5. Establish observability and continuous monitoring
Establishing end-to-end observability for a highly dynamic, cloud-native CD pipeline is crucial for DevOps and SRE teams to deliver applications that meet agreed-upon SLOs. To avoid blind spots and establish efficient root-cause analysis of issues at any stage in the pipeline, teams need reliable telemetry that starts with metrics, logs, and traces, adds user experience data, and also includes the full context of processes upstream and downstream. The ability to capture code-level detail is also critical for debugging and troubleshooting.
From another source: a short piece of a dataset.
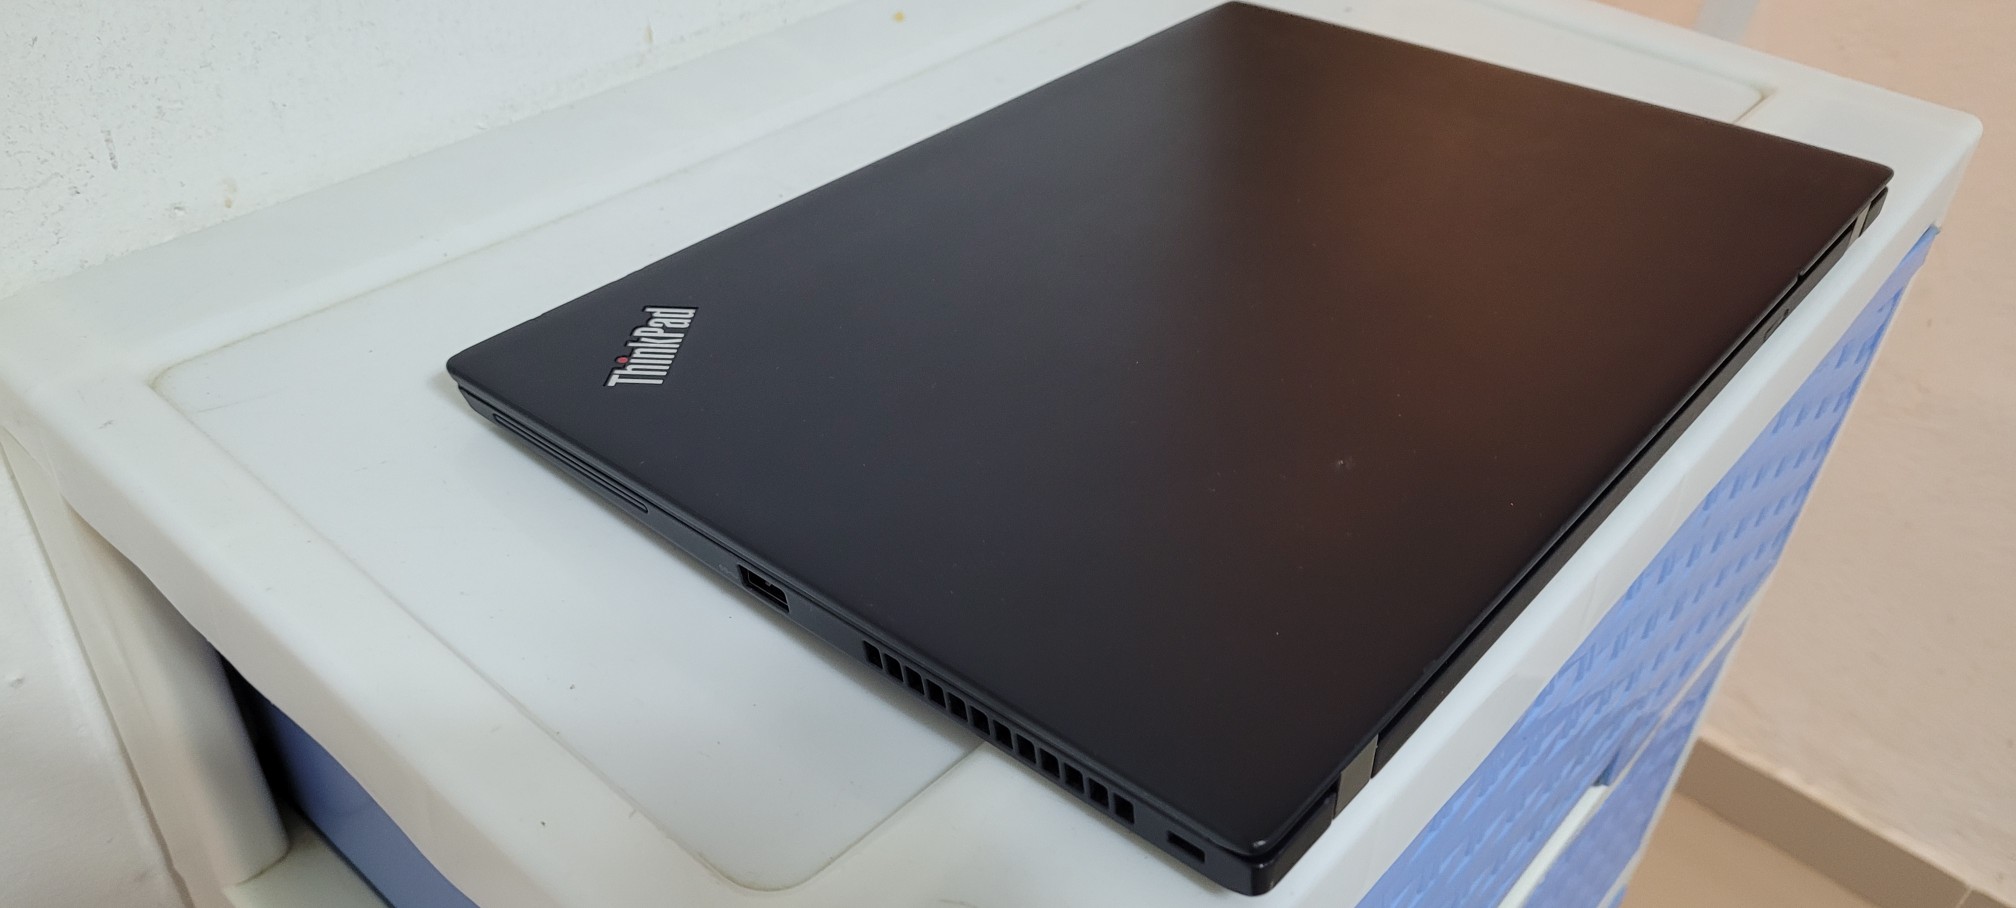 computadoras y laptops - laptop lenovo T480 14 Pulg Core i5 8va Ram 8gb ddr4 Disco 256gb SSD Solido 2

As applications and services become more distributed and are based on more open-source technologies, this telemetry can come from many disparate sources, which all require their own instrumentation. Monitoring sources should be automatic and continuous, and flexible enough to deal with continuous updates.
Use automation and intelligence to orchestrate the software development lifecycle
Observability data, such as metrics, logs, traces, user data, and business context, can help you acquire these metrics from your build and test systems directly and automatically. A single observability platform enables you to bypass the clutter and blind spots caused by using many disparate tools and data sources.
To achieve faster time to value with optimized CI/CD pipelines, organizations need intelligent, automated quality gates and SLO-based evaluation so code can automatically progress through the delivery pipeline once it passes pre-defined quality checks. An enterprise-grade control plane that can orchestrate CI, CD, and remediation workflows automatically is essential for managing the cloud-native application life cycle at scale.
That’s why Dynatrace released the Cloud Automation Module, which brings a commercial version of Keptn, the open-source, cloud-native, lifecycle orchestration control plane, to the core Dynatrace platform so teams can automate the entire software development life cycle for faster innovation with less risk.
Quality gates defined using Dynatrace Cloud Automation make it possible to automate the process of evaluating service level indicators and deliver software increments to the next stage in the CD pipeline only once SLOs are met. This observability and pipeline orchestration help teams identify quality issues earlier in the software life cycle, speed up delivery times, and deliver better customer experiences.